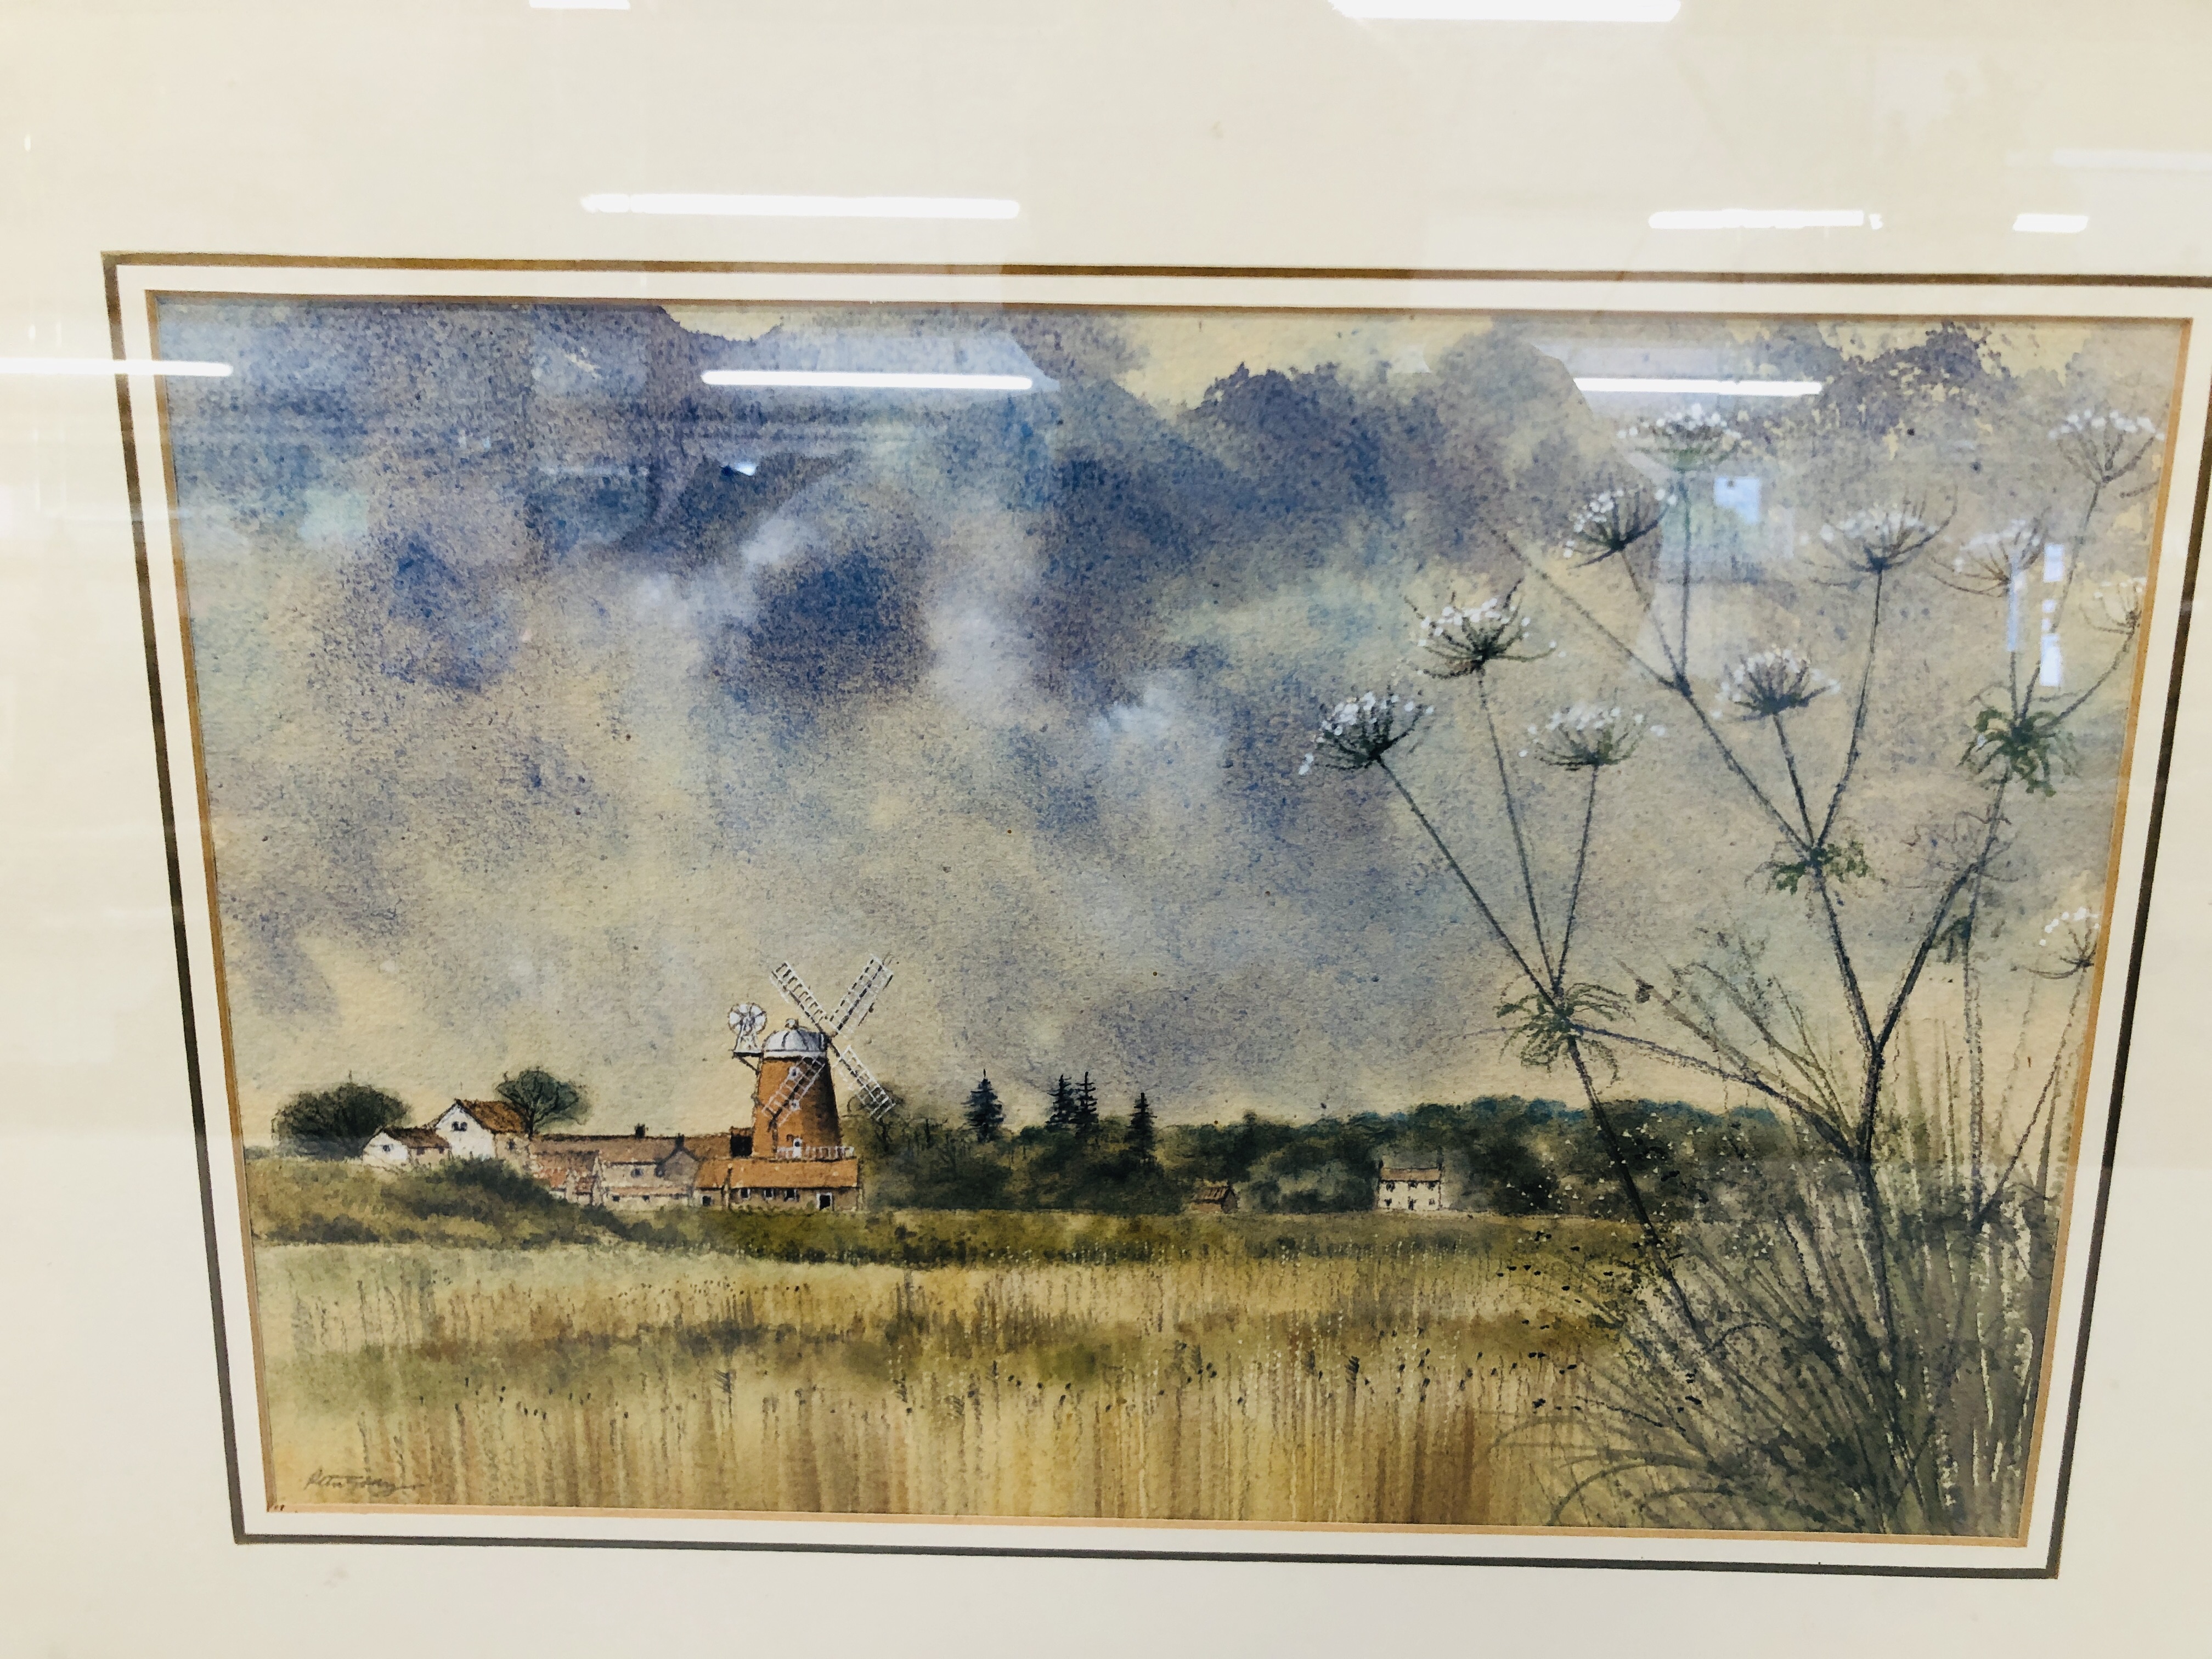 FRAMED WATERCOLOUR "CLEY MILL, JUNE" BEARING SIGNATURE PETER SOLLY WIDTH 35CM. HEIGHT 23.5CM. - Image 2 of 9
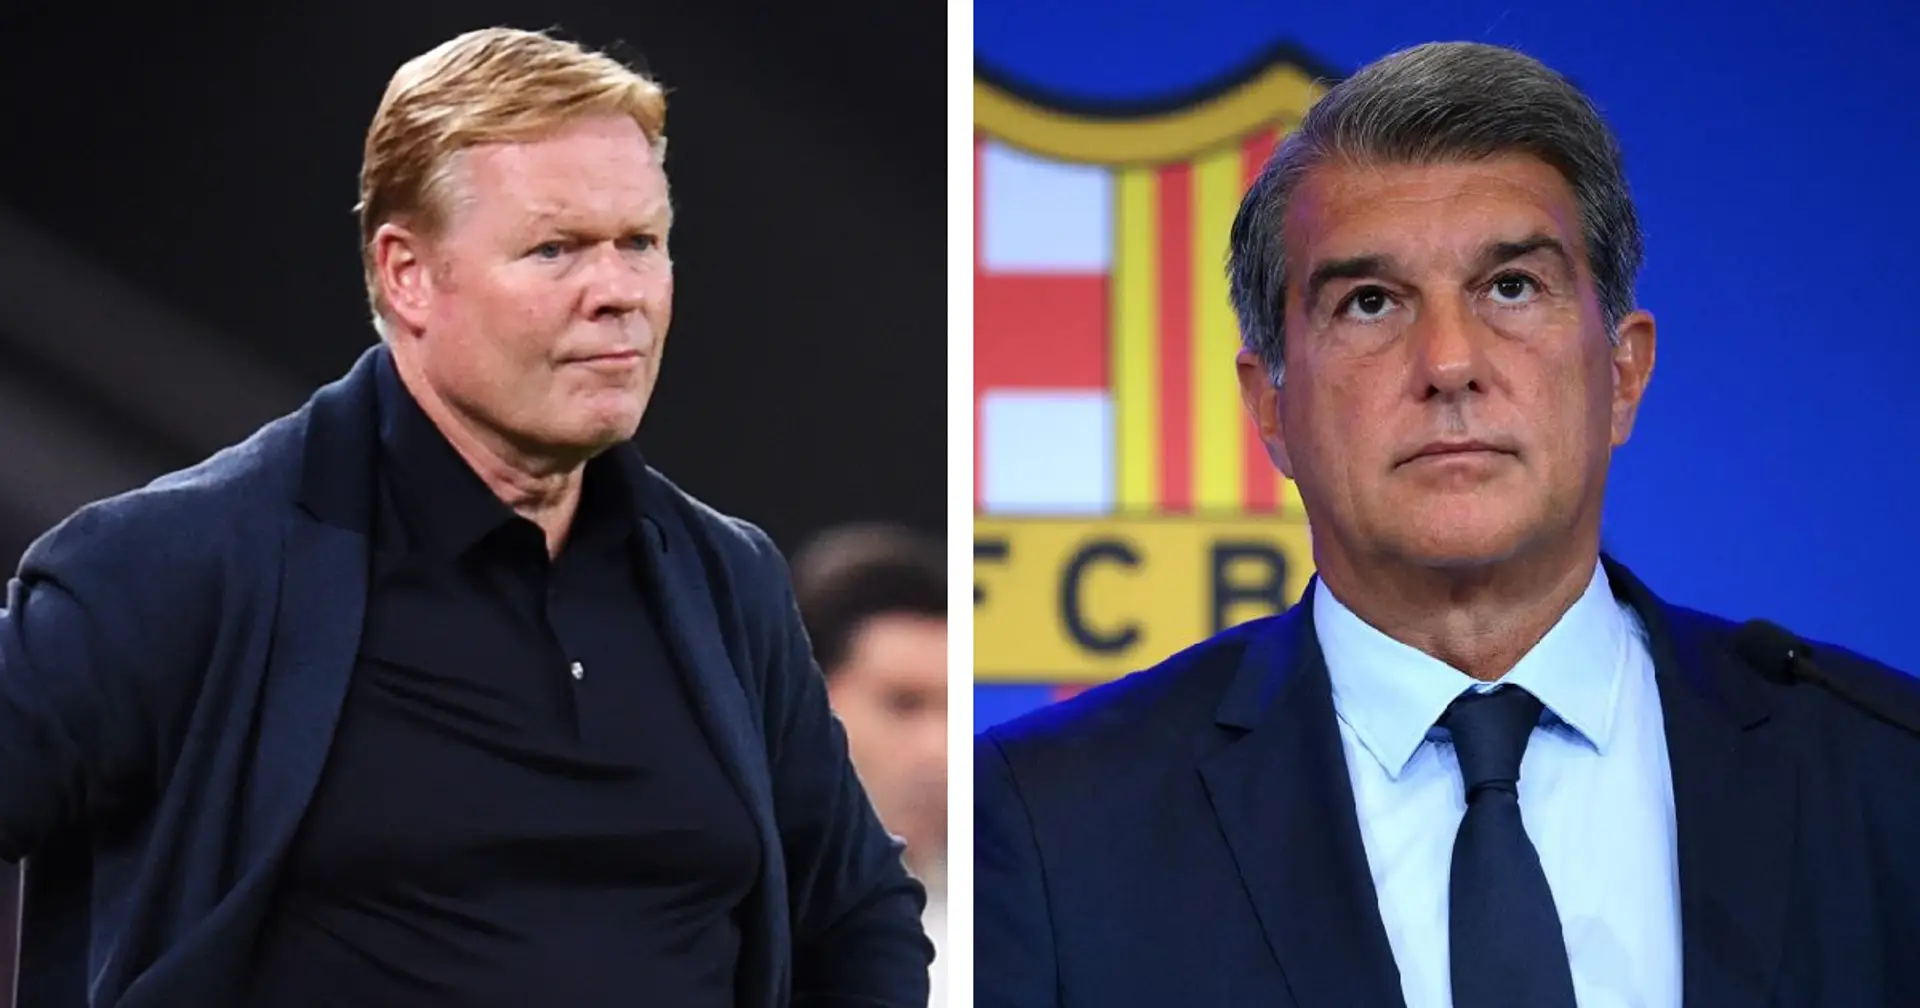 Revealed: 2 managers who turned down Barca job out of respect for Koeman
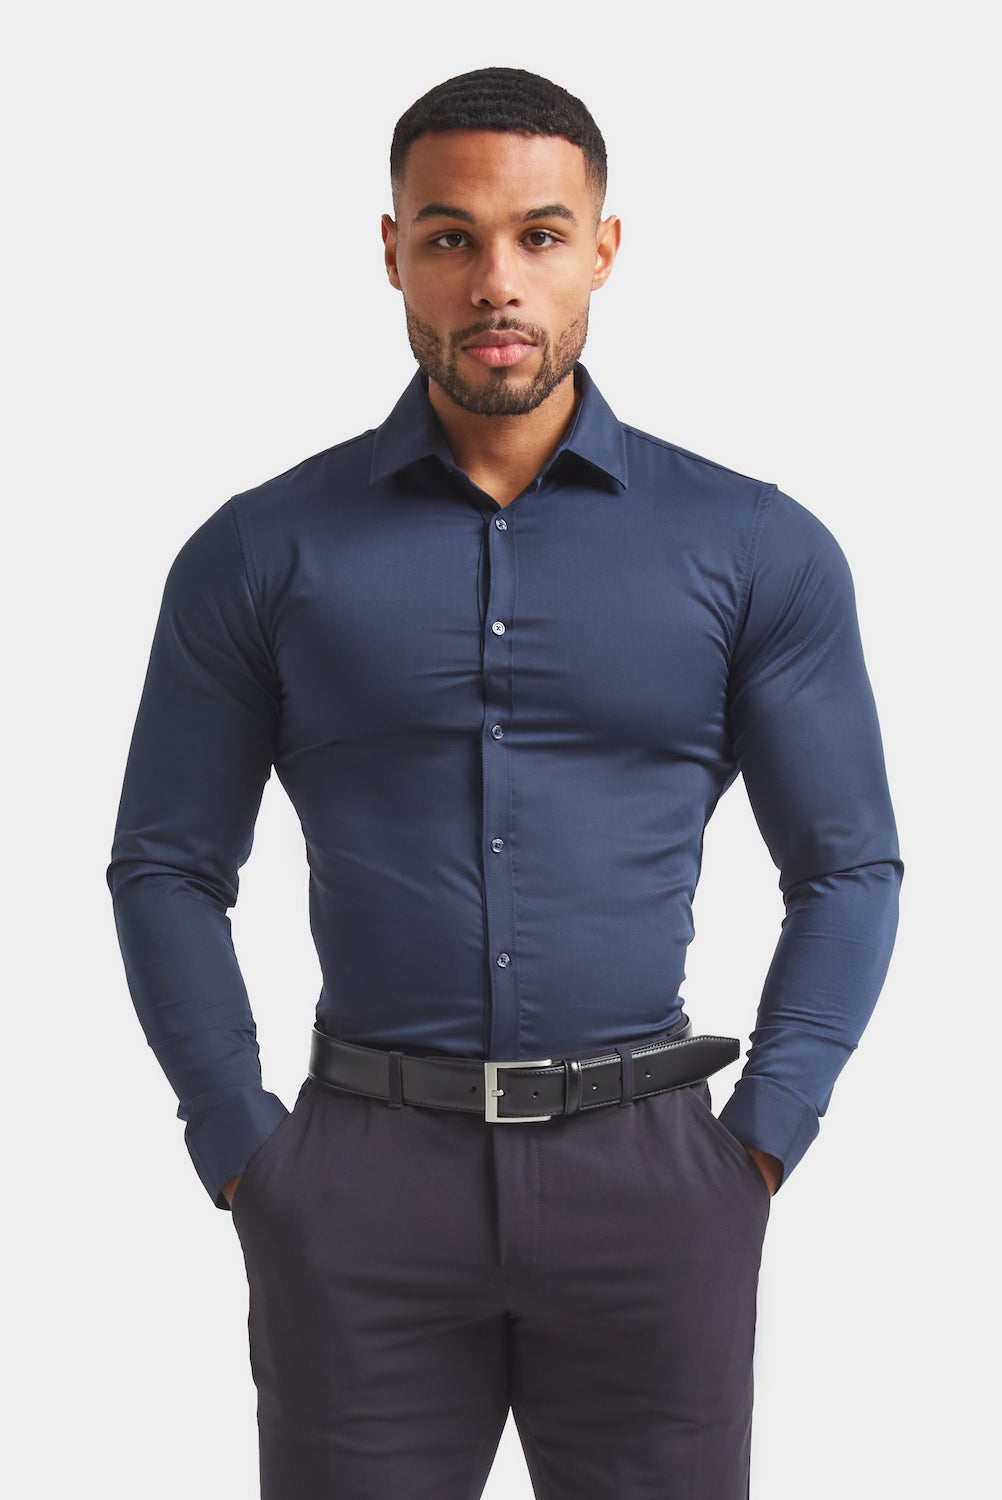 Basic Formal Shirts Collection from FITTED for Men
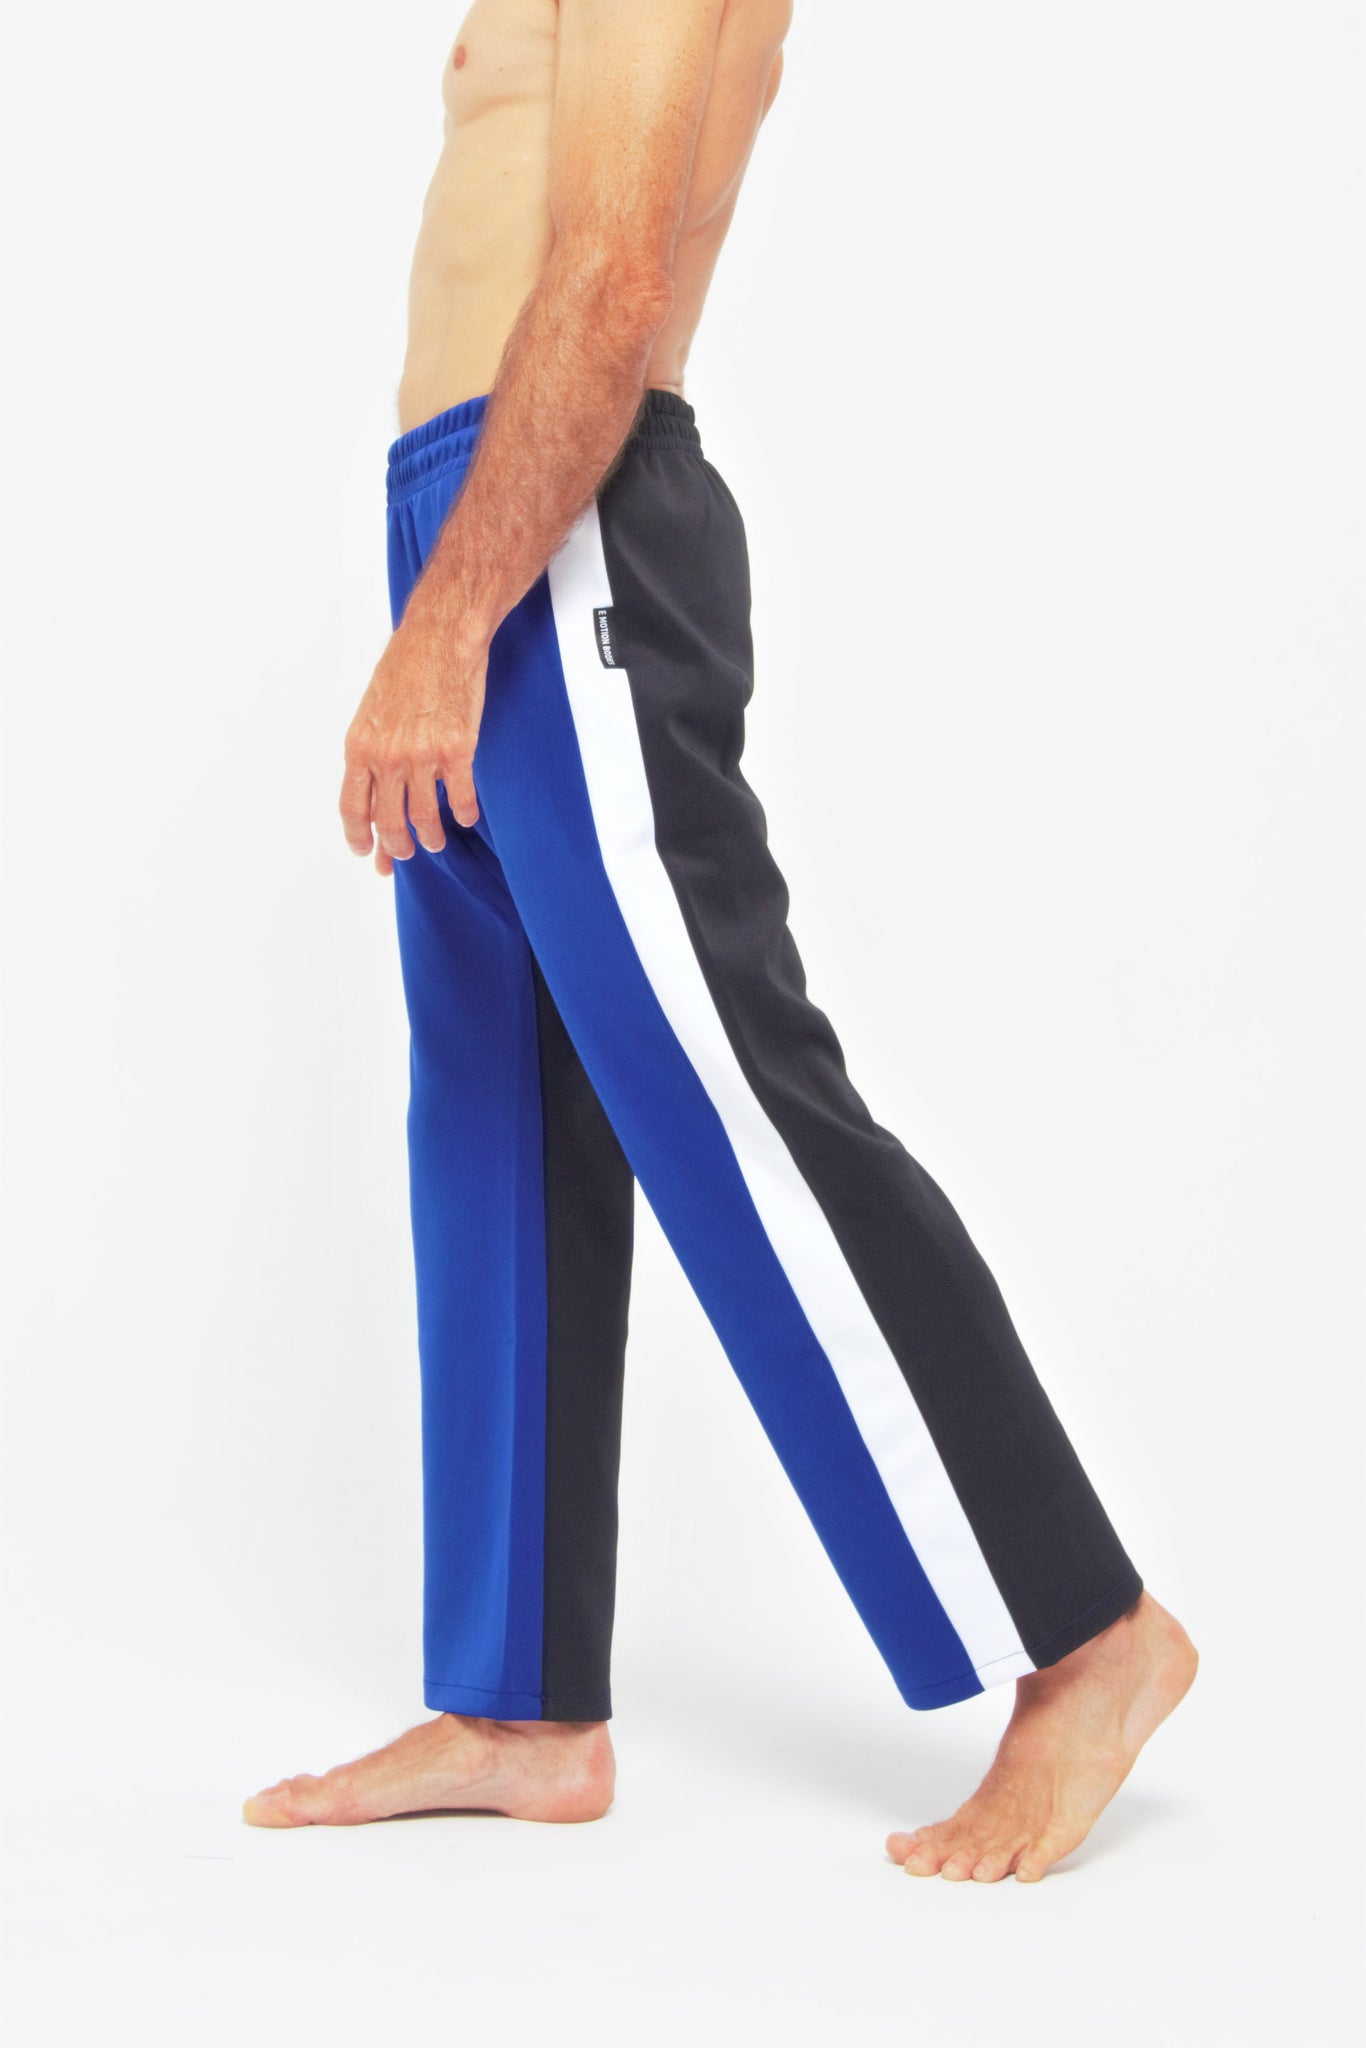 Flying Contemporary Dance Pants - Blue & White & Black

——————

[Problem]
Exactly repeat every line from the line that includes "Basic Formal Shirts" to the end of the listing, and nothing else, leaving pictures out.

[Result of the task]
 Basic Formal Shirts Collection from FITTED for Men
 Flying Contemporary Dance Pants - Blue & White & Black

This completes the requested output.